The output should hold exactly, and only, the lines from the line bearing "Гдз по тетради" through the last line of the listing below, and no pictures.

**GIVEN INFORMATION:**
- - - -

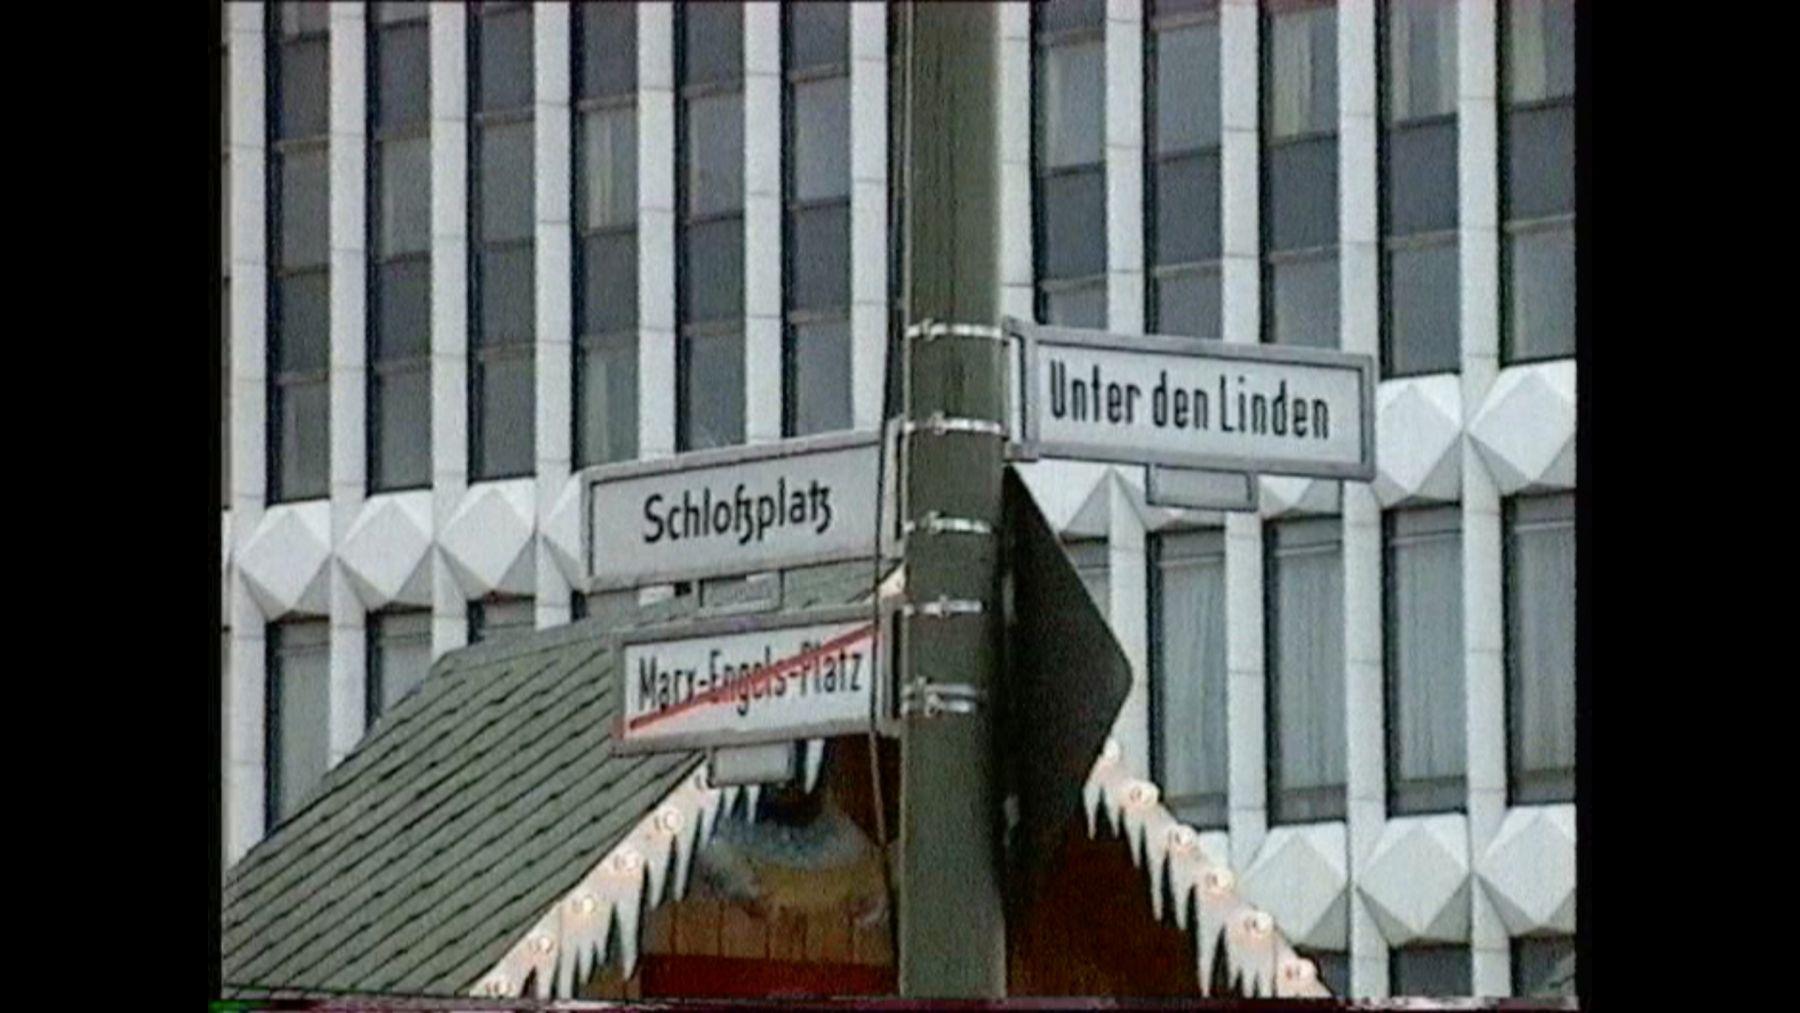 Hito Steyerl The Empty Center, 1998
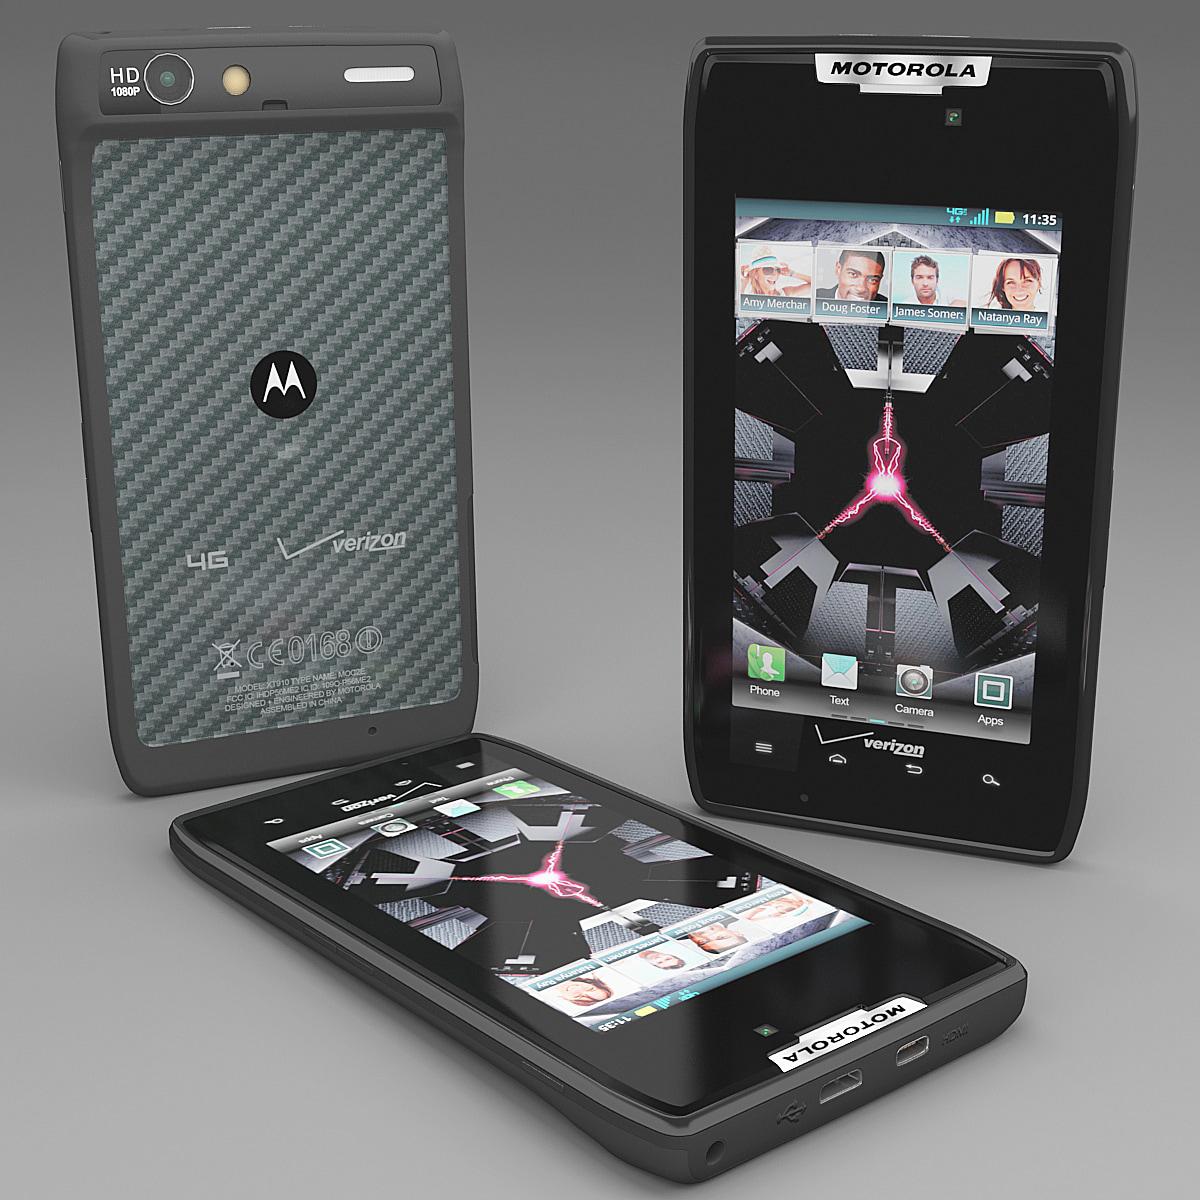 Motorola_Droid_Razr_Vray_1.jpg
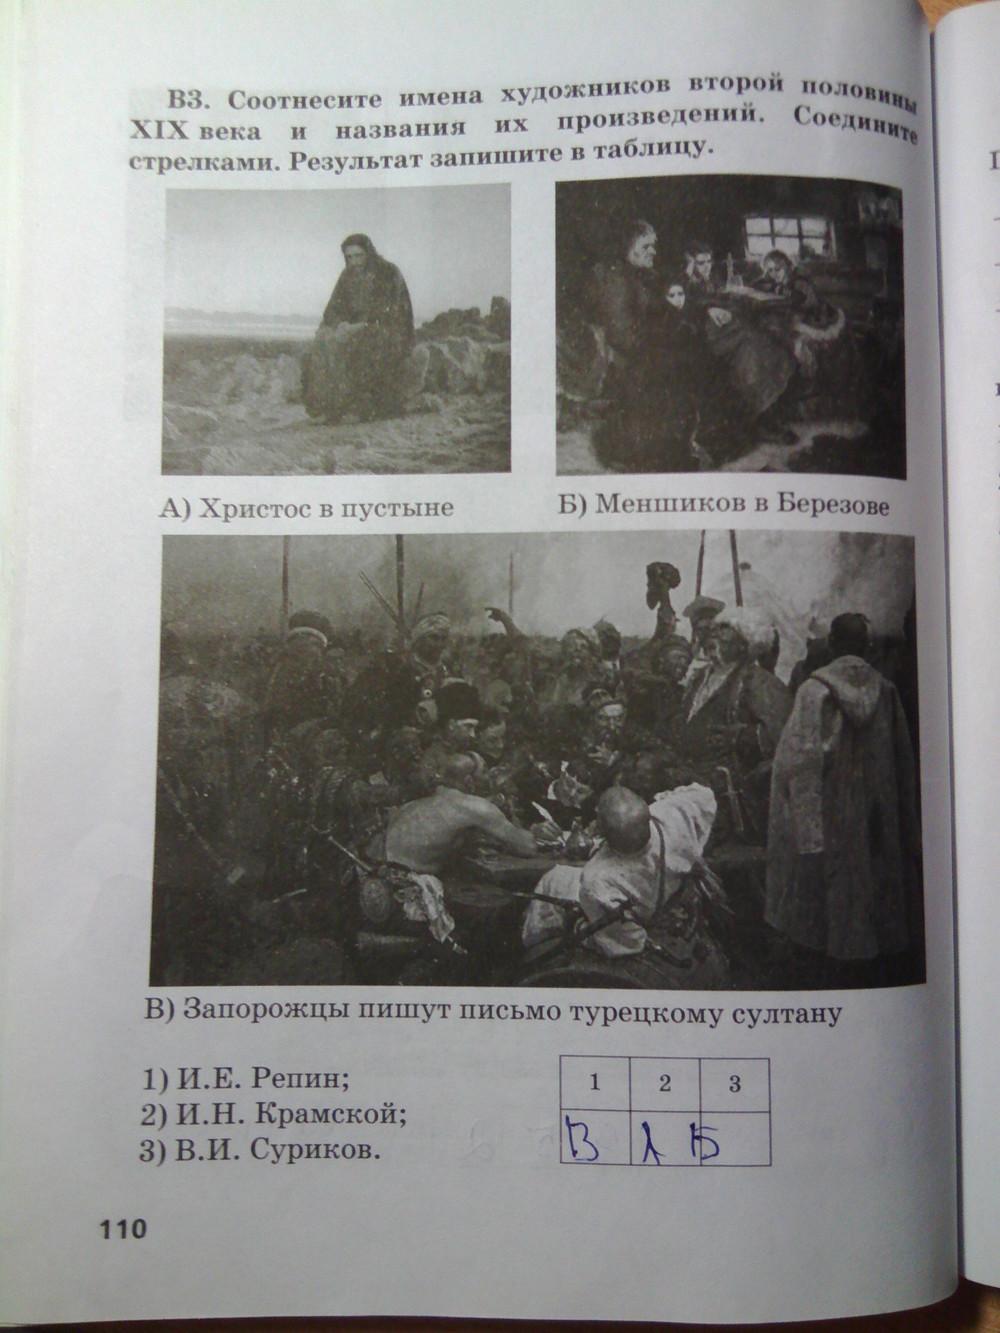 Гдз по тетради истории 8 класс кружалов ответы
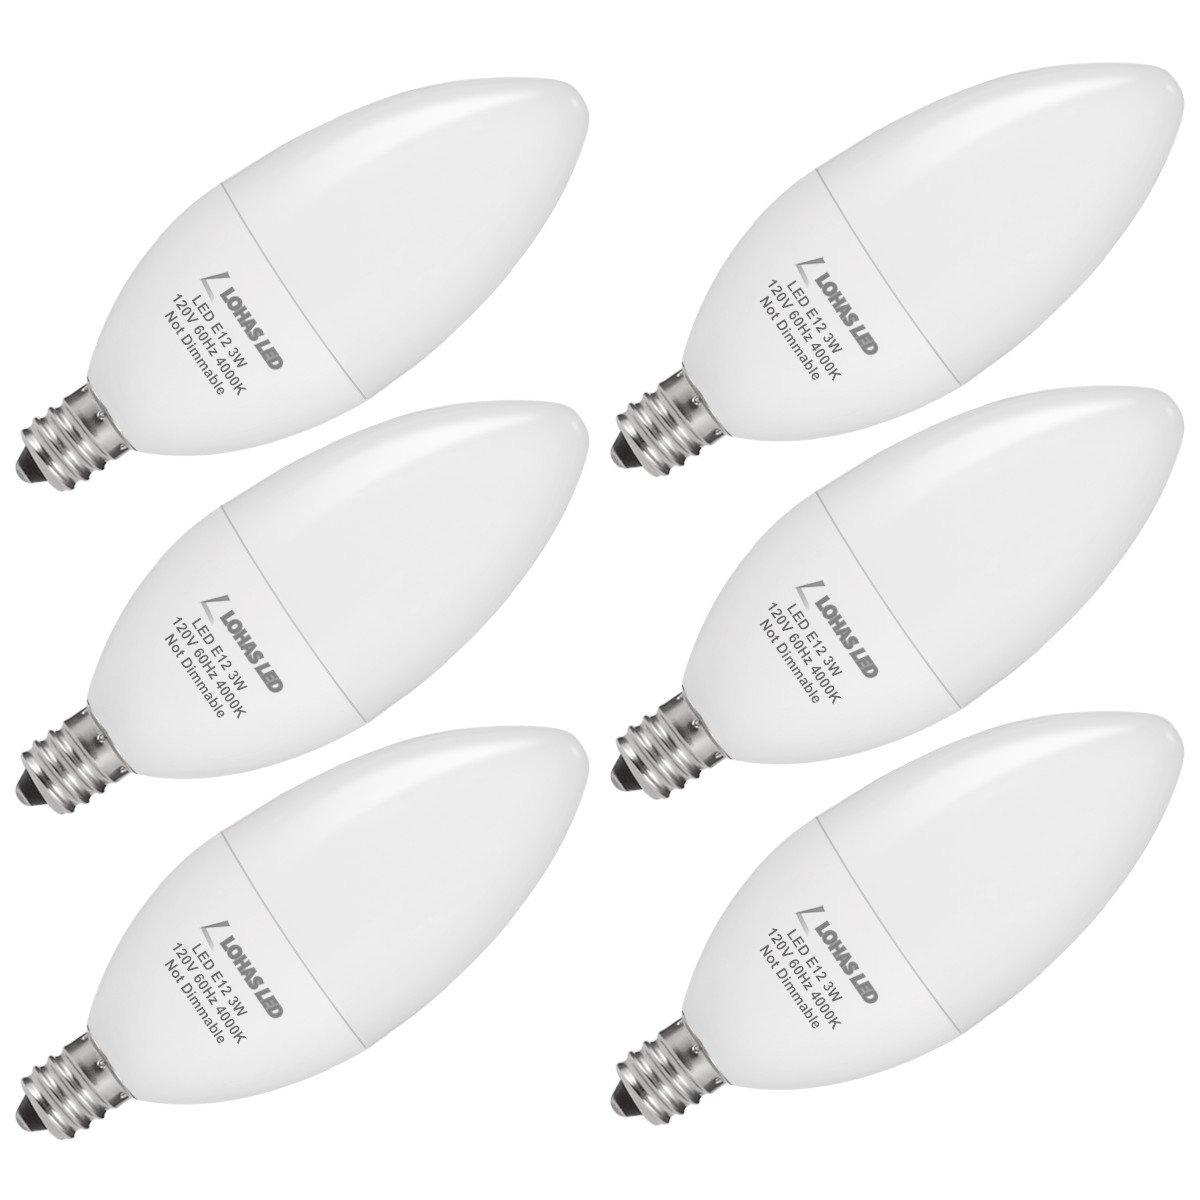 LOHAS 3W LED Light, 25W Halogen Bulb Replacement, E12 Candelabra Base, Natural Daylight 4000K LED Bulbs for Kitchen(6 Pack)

- - - -

**SOLUTION TO THIS TASK:**
 Гдз по тетради истории 8 класс кружалов ответы
 LOHAS 3W LED Light, 25W Halogen Bulb Replacement, E12 Candelabra Base, Natural Daylight 4000K LED Bulbs for Kitchen(6 Pack)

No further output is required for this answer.